We need to ask ourselves right now: Is this the future we want -- an increasingly stratified, highly differentiated higher ed ecosystem?

Are the winners the ones we’d like to see win?

To even pose these questions is to answer them.

Even before the current health crisis, the bifurcation of higher education had already laid the groundwork for the overly stressed and pressured high school years of talented, ambitious students and their parents.

We created a landscape that pitted highly resourced, highly selective, highly prestigious institutions against their more humble and obscure competitors -- which not only invited the Varsity Blues scandal, but which has contributed to the high rates of depression, anxiety and unhappiness among large numbers of adolescents.

Do we really want to worsen this situation by narrowing opportunities for a quality education?

My colleague Michael Rutter mentioned, in an email message, HBO’s recent show His Dark Materials, a contemporary retelling of Milton’s Paradise Lost based upon the books by Philip Pullman. The show’s endangered hero is taken to Oxford for protection. As Michael observed, “The theme of ‘academic sanctuary’ comes up again and again in the show -- something worth protecting, even if seemingly outmoded.”

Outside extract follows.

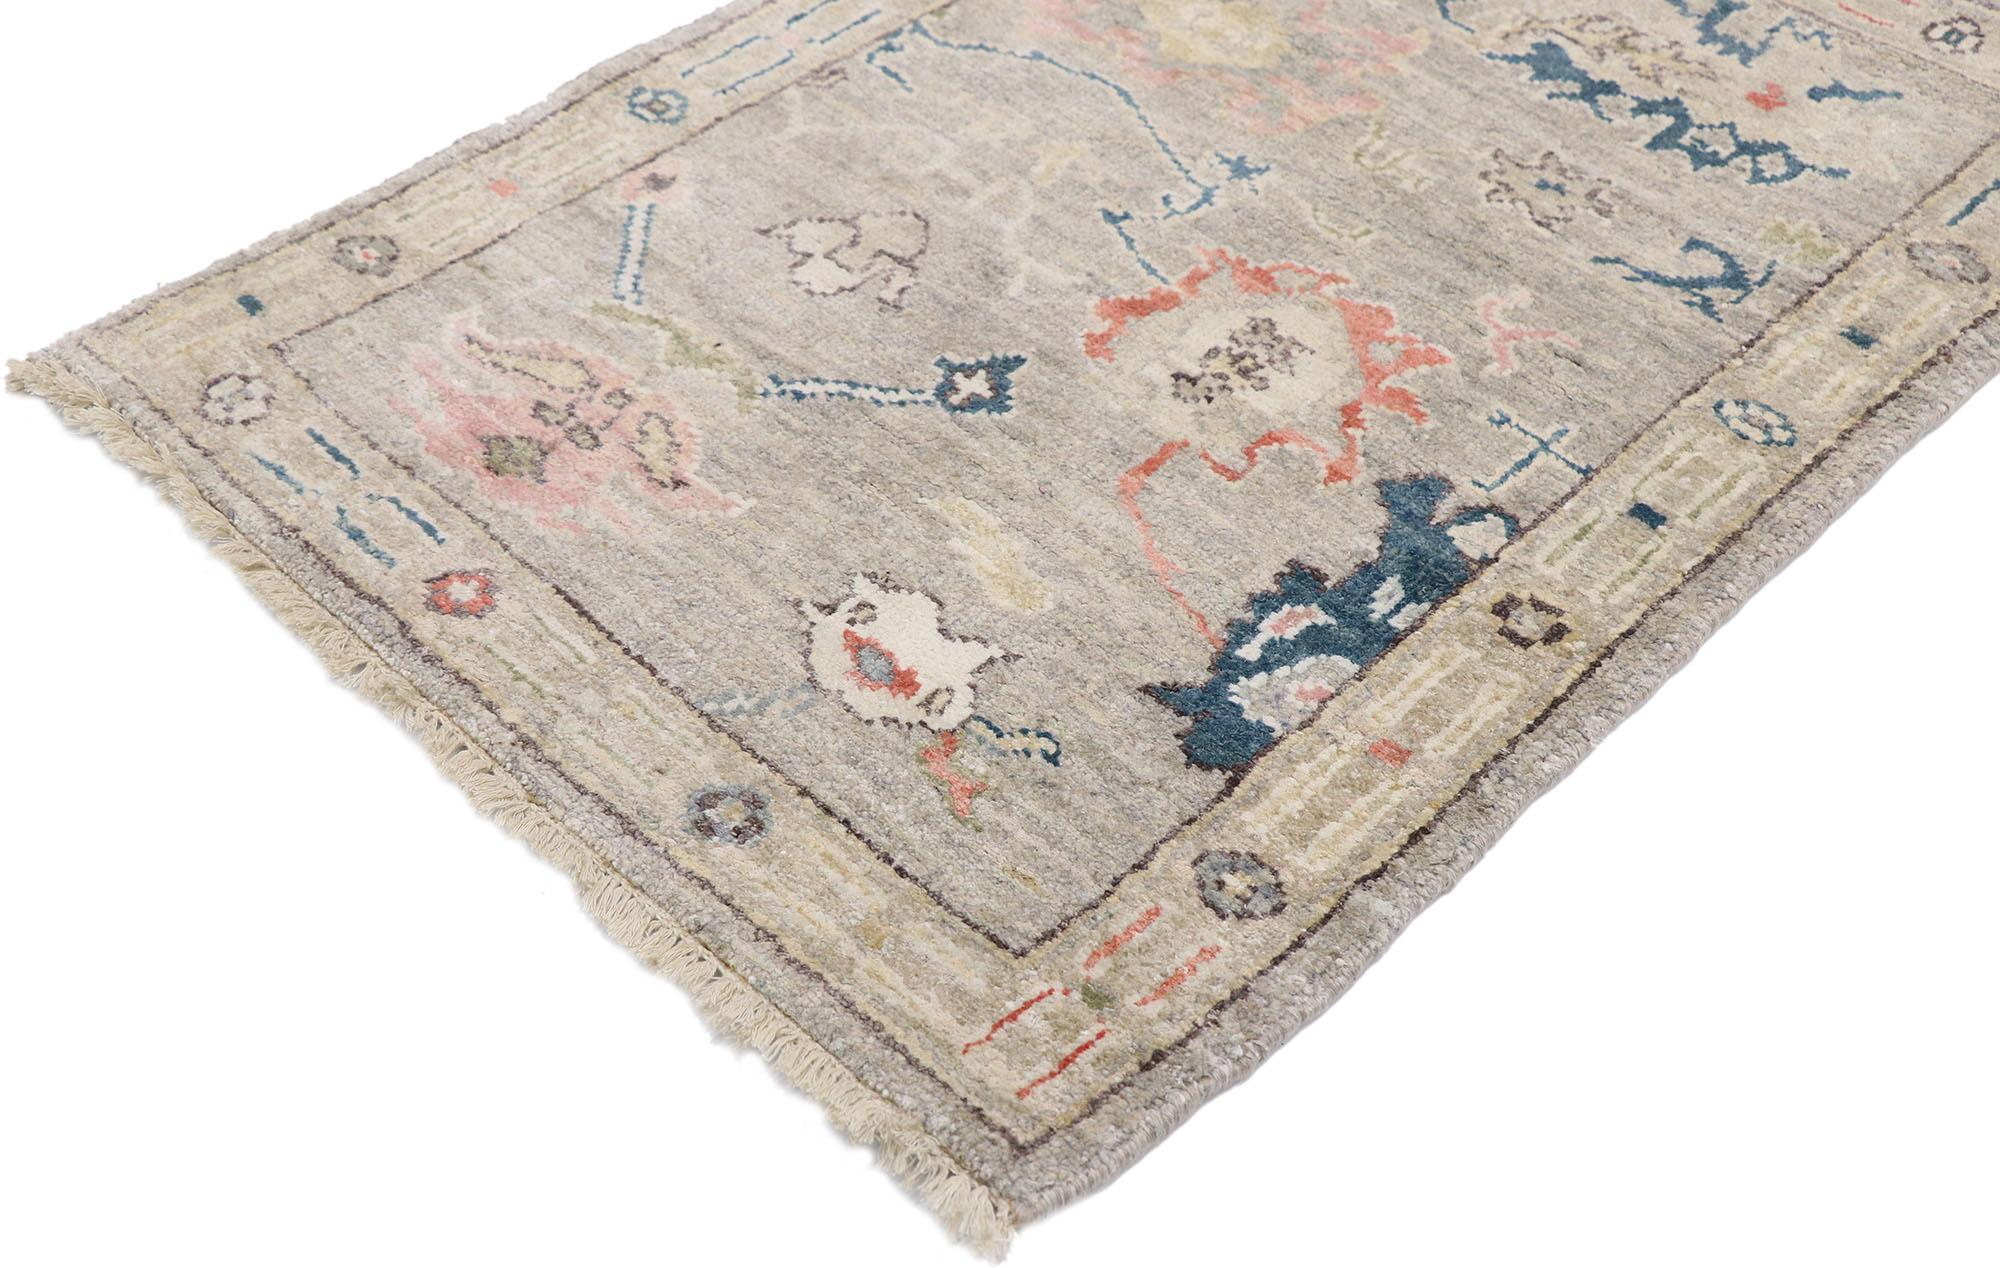 30647 New Contemporary Indian Oushak Rug with Modern Transitional Style 02'02 x 03'02. Displaying a timeless design and soft colors, serve up sophistication and modern elegance with this hand-knotted silk contemporary Oushak style rug. An array of

The institutions that are most threatened are precisely those that provide “academic sanctuary” for the students who need our help most: those diamonds in the rough who come from economically disadvantaged homes and received an uneven high school education. These are the students who will benefit most from “regular and substantive” interaction with a skilled, caring faculty member.

I fear that we have established a higher ed hierarchy that controverts the premier value of this point in time: equity.

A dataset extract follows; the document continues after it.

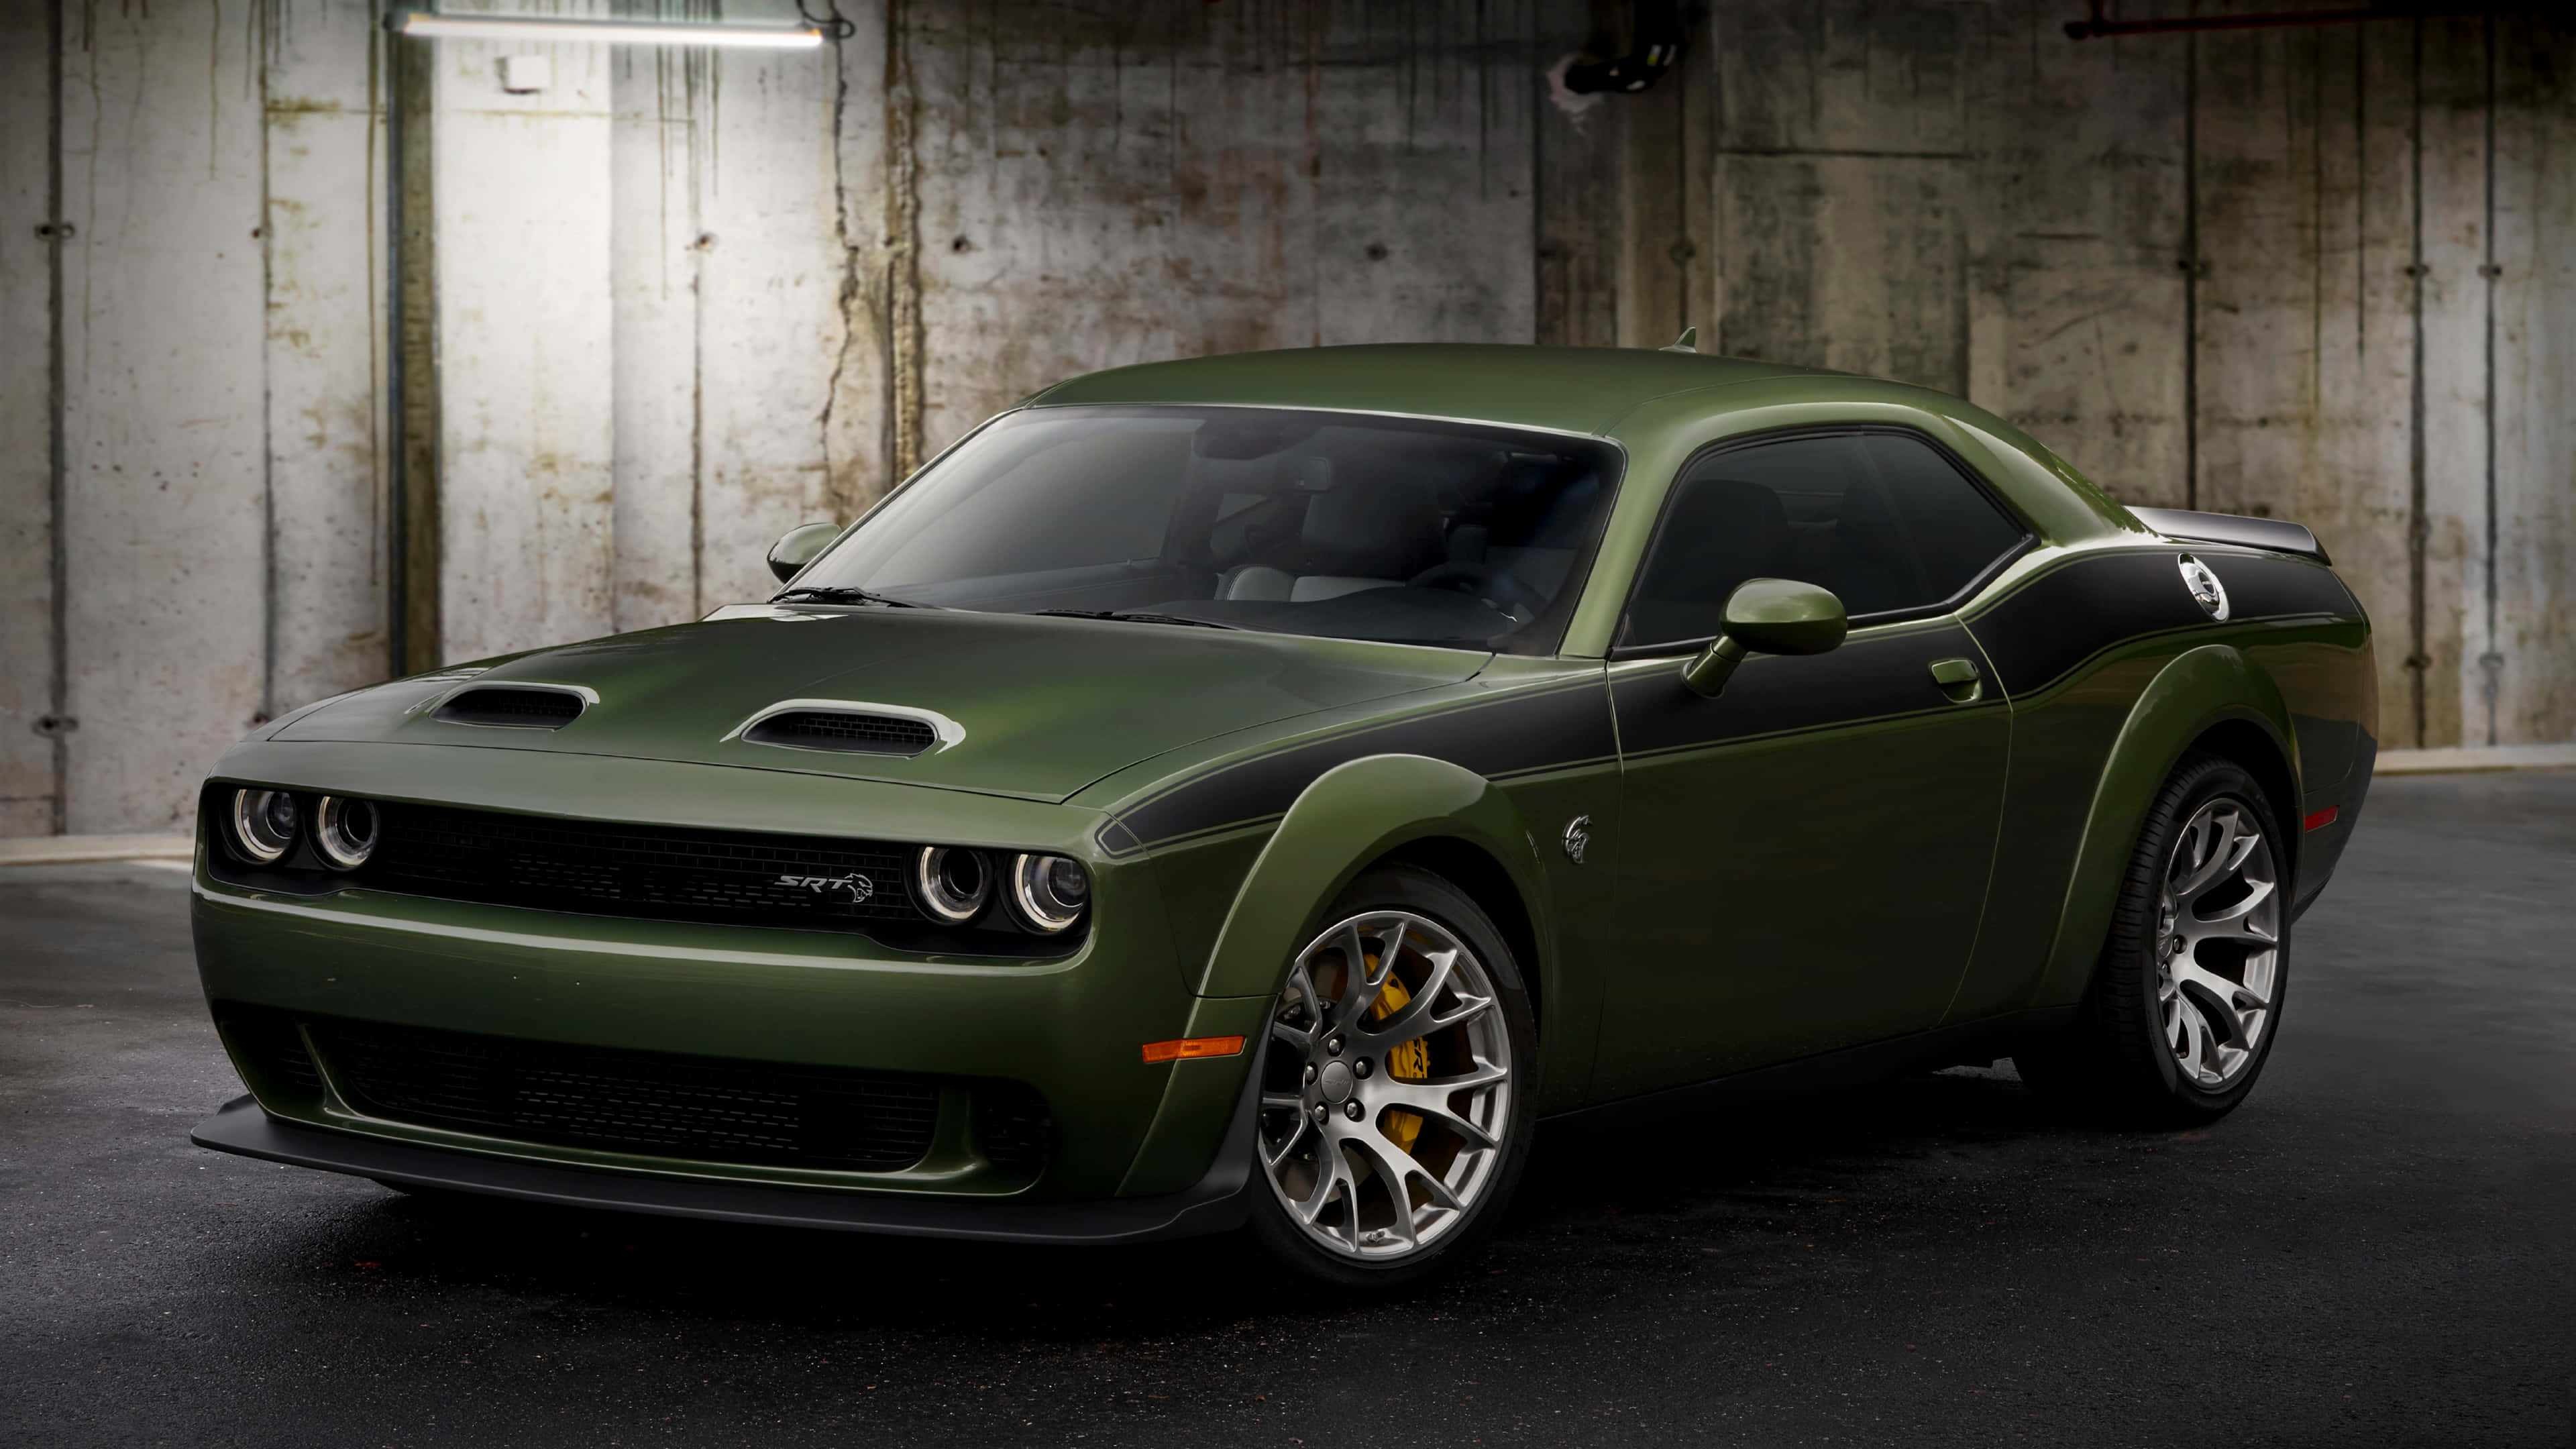 Embrace the Power - Experience the Dodge Challenger Wallpaper

We -- and I include myself in this indictment -- tell high schoolers to get into the best college or university that they possibly can. Then we define this not in educational terms -- an institution dedicated to undergraduate education that offers close interaction with faculty, a multifaceted commitment to student support services and extensive opportunities for experiential learning -- but breadth of majors; gleaming, gold-plated facilities; a pristine campus and, of course, athletic success.

As a bachelor’s degree becomes what a high school diploma once was -- a ticket into a middle-class-paying job -- students, more than ever, need a solid liberal arts education as a foundation for future learning and advancement.

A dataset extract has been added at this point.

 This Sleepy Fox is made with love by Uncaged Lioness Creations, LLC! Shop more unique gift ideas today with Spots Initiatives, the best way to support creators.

If we were honest with ourselves, we would recognize that many promising students will receive a far better education at Paul Quinn or Texas A&M San Antonio than at many more esteemed institutions.

As a society, we are, as the cliché puts it, at a crossroads or inflection point.

We can embrace the “bigger is better” model -- larger universities with more programs and greater efficiencies through scale -- and let the “laggards” fall by the wayside, jettisoning humanities and social science majors, relying increasingly on part-time instructors and offering a narrow, job-focused curriculum. Or we can do everything we possibly can to convince government, at all levels, to ensure that the opportunity to receive a quality liberal education isn’t confined to those who can attend a shrinking number of highly selective institutions.

As my colleague Michael Rutter put it, “Higher ed isn’t akin to health care. Meaning, I don’t think it should be seen a right … but instead as an opportunity that is readily available (with strings attached), but not ones so onerous to result in massive debt, a subpar online-only experience, etc. It’s a social contract -- at least one with a society that values education.”

Amen.

Steven Mintz is professor of history at the University of Texas at Austin.